Ramsden S S, Nyiri P, Bridgewater J, el-Kabir D J
Wytham Hall Sick Bay, London.
BMJ. 1989 Feb 11;298(6670):372-4. doi: 10.1136/bmj.298.6670.372.
Little is known about the social and medical characteristics of people who regularly sleep rough, or whether medical care can be targeted at these people. In 1987 a mobile surgery was used to provide primary health care at two sites in central London where many single homeless people sleep outdoors. One hundred and forty six patients were seen with illnesses ranging from scabies to osteomyelitis and tuberculosis. Sociodemographic data showed the patients to be generally an isolated group with deprived and unstable backgrounds, often compounded by alcohol abuse. Over a third of the patients from one site attended a drop in surgery for homeless people in Soho within a month after seeing a doctor in the mobile surgery. This suggests that the project can be a first step in integrating this isolated group with health care facilities.

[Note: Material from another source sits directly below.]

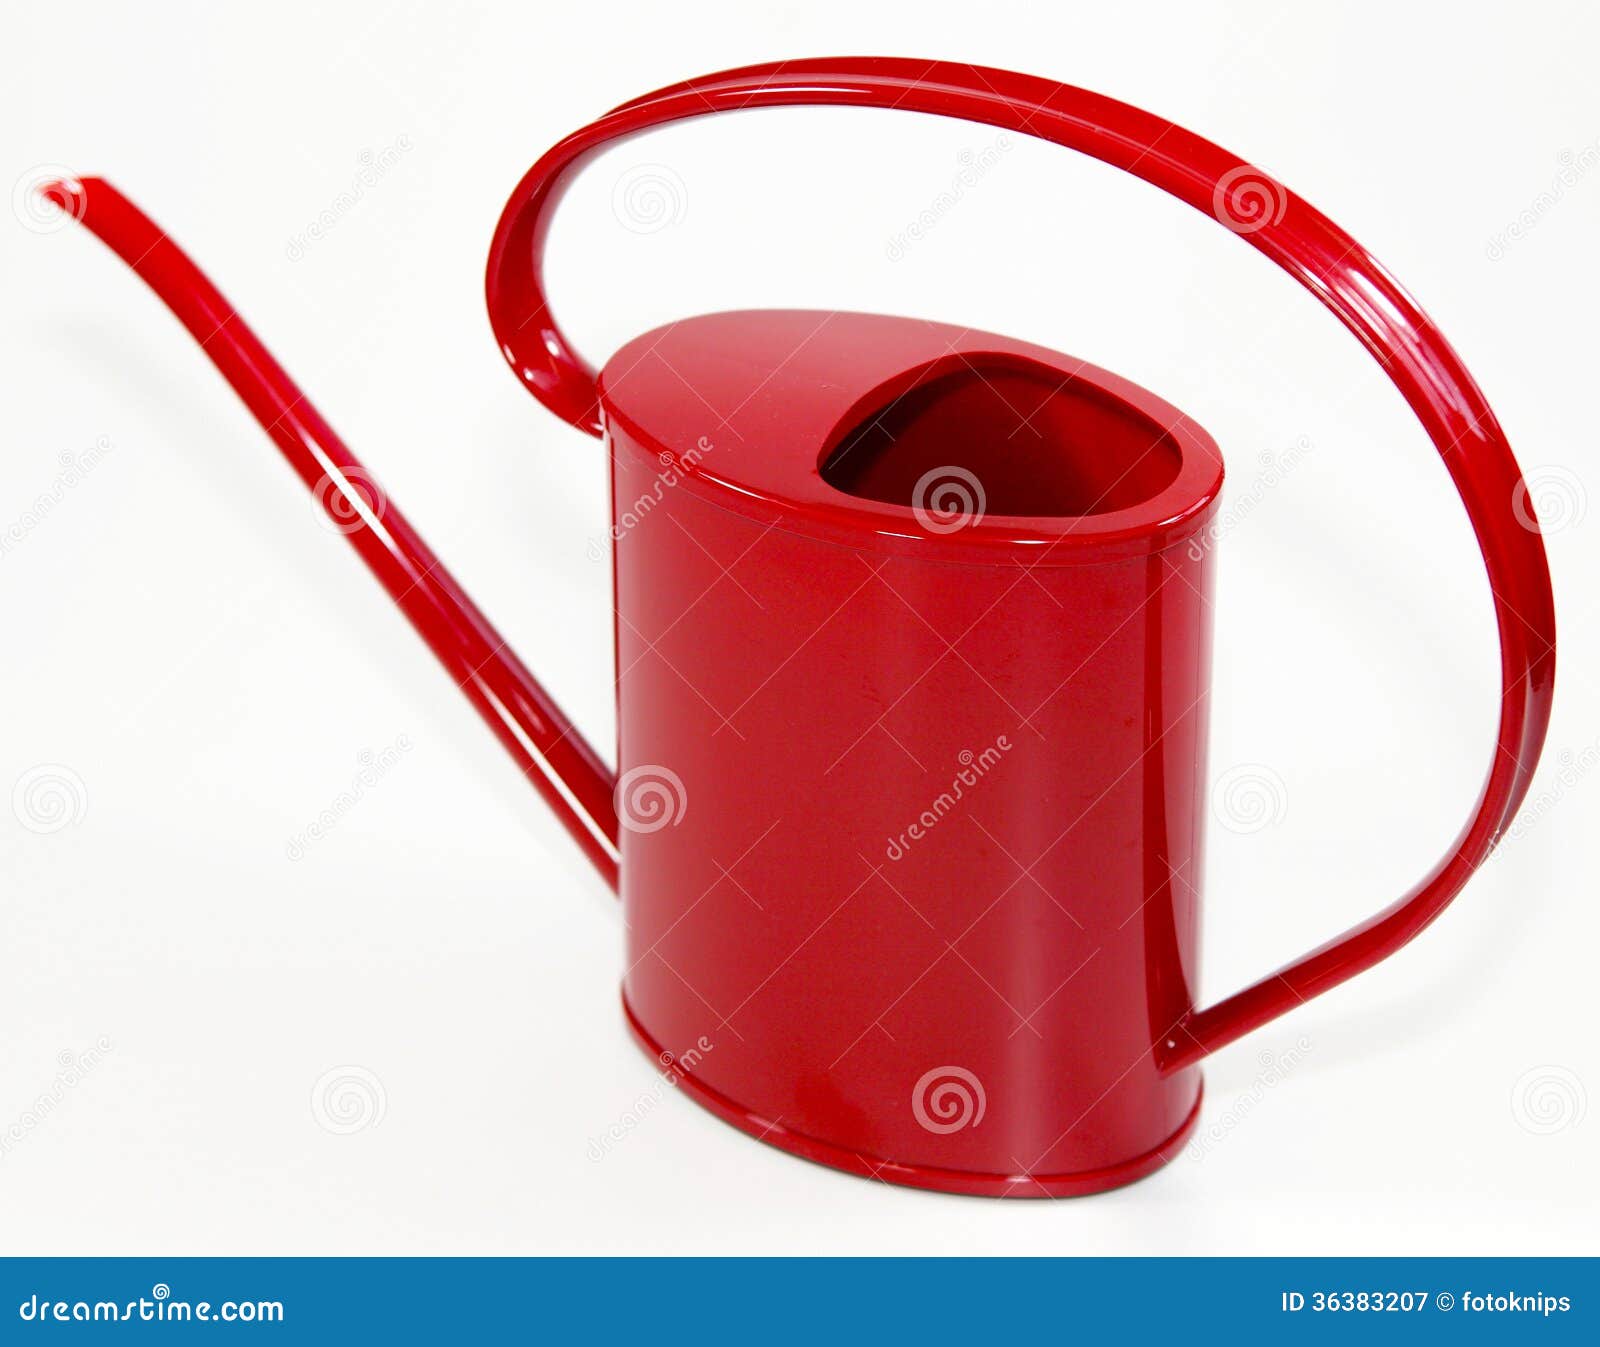 Red watering can stock image. Image of house, watering - 36383207

对于经常露宿街头者的社会和医学特征,以及医疗护理能否针对这些人进行,我们所知甚少。1987年,一辆流动手术车在伦敦市中心的两个地点提供初级医疗保健服务,那里有许多无家可归的单身人士露宿户外。共接待了146名患者,疾病范围从疥疮到骨髓炎和肺结核。社会人口统计学数据显示,这些患者总体上是一个孤立的群体,背景贫困且不稳定,常常因酗酒而情况更糟。来自其中一个地点的超过三分之一的患者在流动手术车看过医生后的一个月内,前往苏豪区为无家可归者设立的简易诊疗所就诊。这表明该项目可以成为将这个孤立群体与医疗保健机构整合的第一步。